Keep logging, Anthony.
MarkW

Posted Jun 20, 2008 at 5:01 AM | Permalink

Anthony,

You can cut NASA some slack on the shuttle computers. I’m involved in the aeronautics industry, and I can assure you that getting a computer designed and then certified for flight is a difficult and expensive process. I can imagine that building one for the shuttle would be even more difficult. So as long as the computers were doing the job, I don’t see why they would even think of upgrading them.

About the only reason to upgrade would be lack of spare parts, as the equipment gets obsolete, or an increase in what the computer is expected to do.
Anthony Watts

Posted Jun 21, 2008 at 11:31 AM | Permalink

Geoff, you sent me an email a couple of weeks ago and I had intended to respond, but my email application crashed and I’ve lost email correspondence and contacts. Can you resend?
Geoff Sherrington

Posted Jun 21, 2008 at 9:36 PM | Permalink

Re #26 Anthony

I’m battling combind EvID ad Vundo on Vista just know, so I know what crashes mean. (Anyone help? Vista and the anti-virus people have not cracked it yet).

Never mind the last email becaue I’ve made some progress in mapping UHI in Melbourne. It was done by BoM som years ago, I know the name of the then project leader and I am in the process of asking for the results.

Motivation is to add more ROW to USA data. Australia has lots of high quality station data. Do you have the CD of 1,200 stations with daily recording starting as early as 1860s? If not I’ll try to get you one. It’s the least I can do to reward yor time, persistence, skill and diligence. I’ve been waiting for the present term of staellite temps to lengthen and be de-contraversialised because then you can do better comparisons.

I also have a paper on surveying the Earth including data on satellite errors (unpub). About 12 pages of .pdf.
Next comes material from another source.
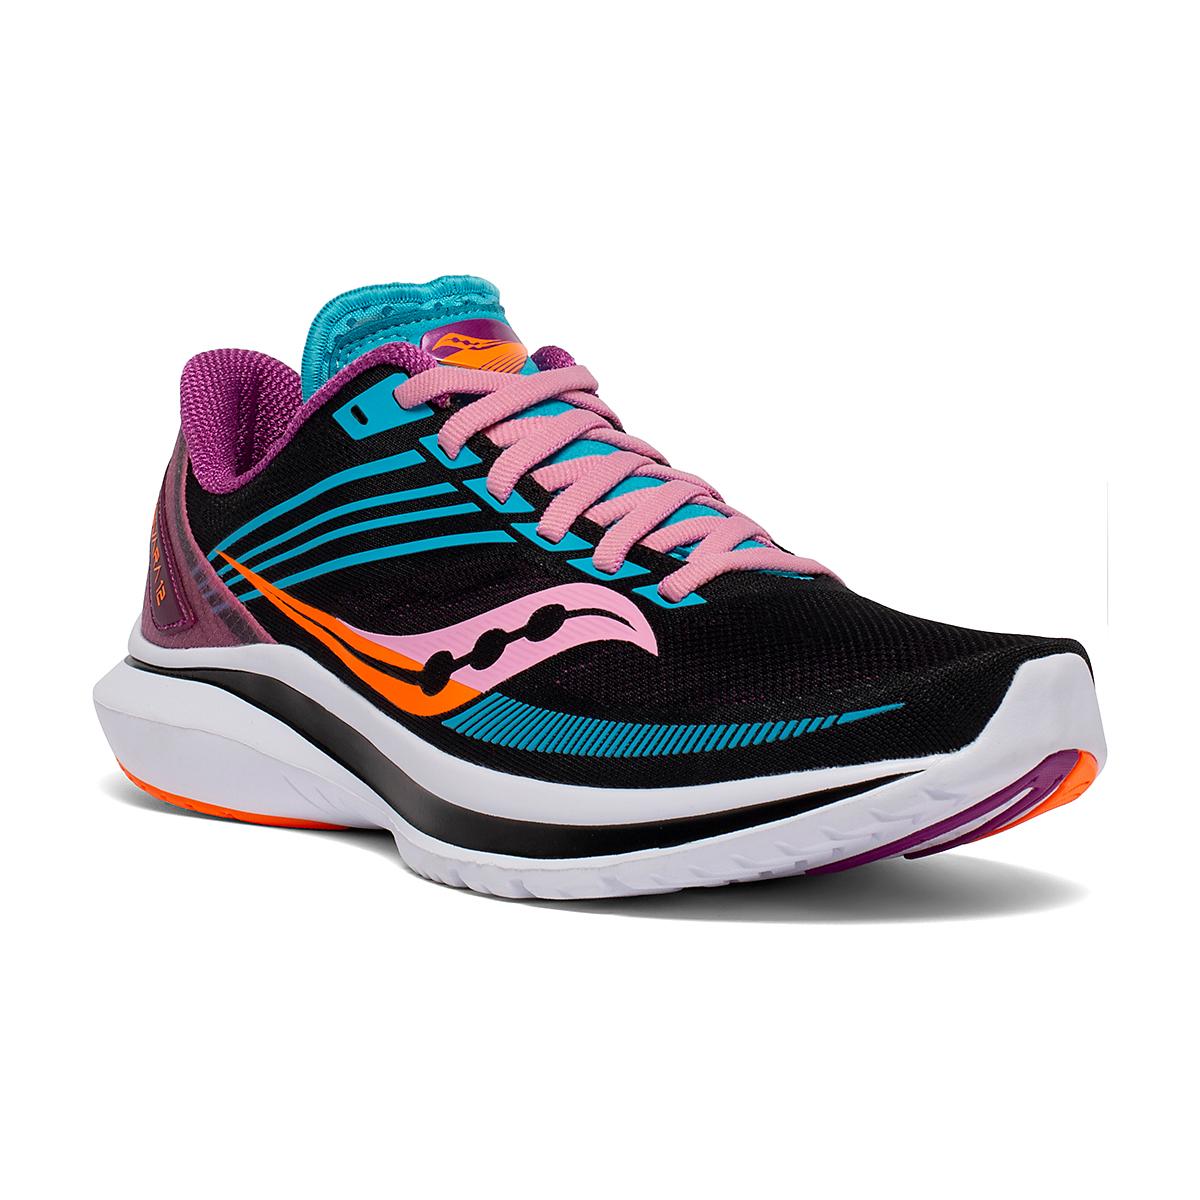 Women's Saucony Kinvara 12 Running Shoe - Color: Future/Black - Size: 5 - Width: Regular, Future/Black, large, image 2
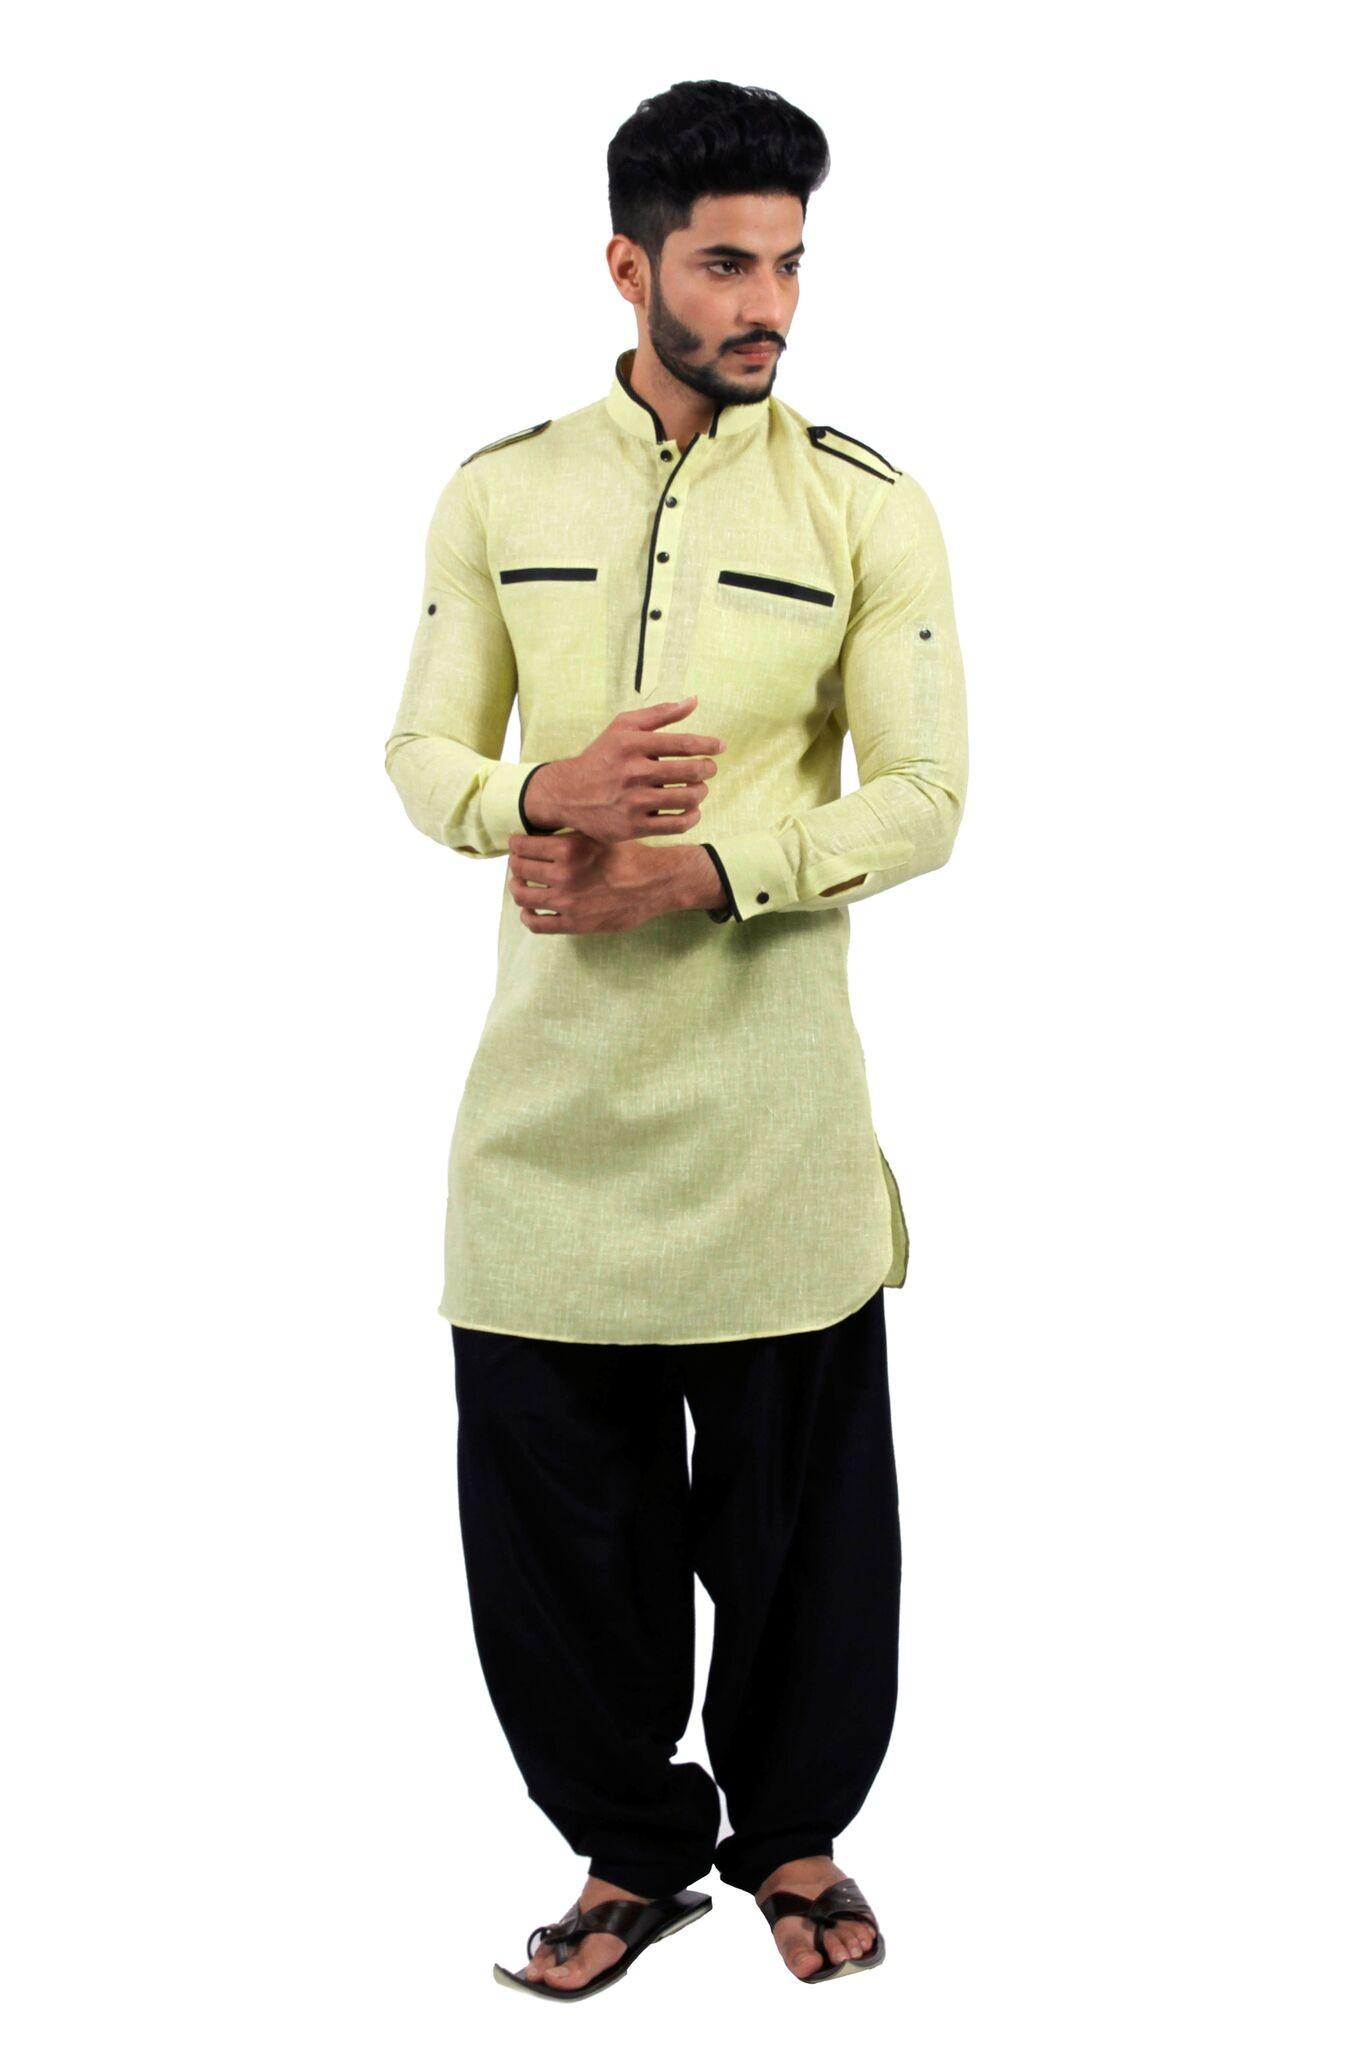 Conjunto de ropa árabe

Shall I send it or are you still having bug problems?

sherro1@optusnet.com.au
Jeremy

Posted Jun 24, 2008 at 11:21 AM | Permalink

Here’s my question: Why was the decision made to *replace* old temperature data collection methods with MMTS? Wouldn’t it have been smarter to have a period of 10-20 years where both old and new systems were run in parallel for verification purposes? It seems that data would be very very useful, even if taken using older methods.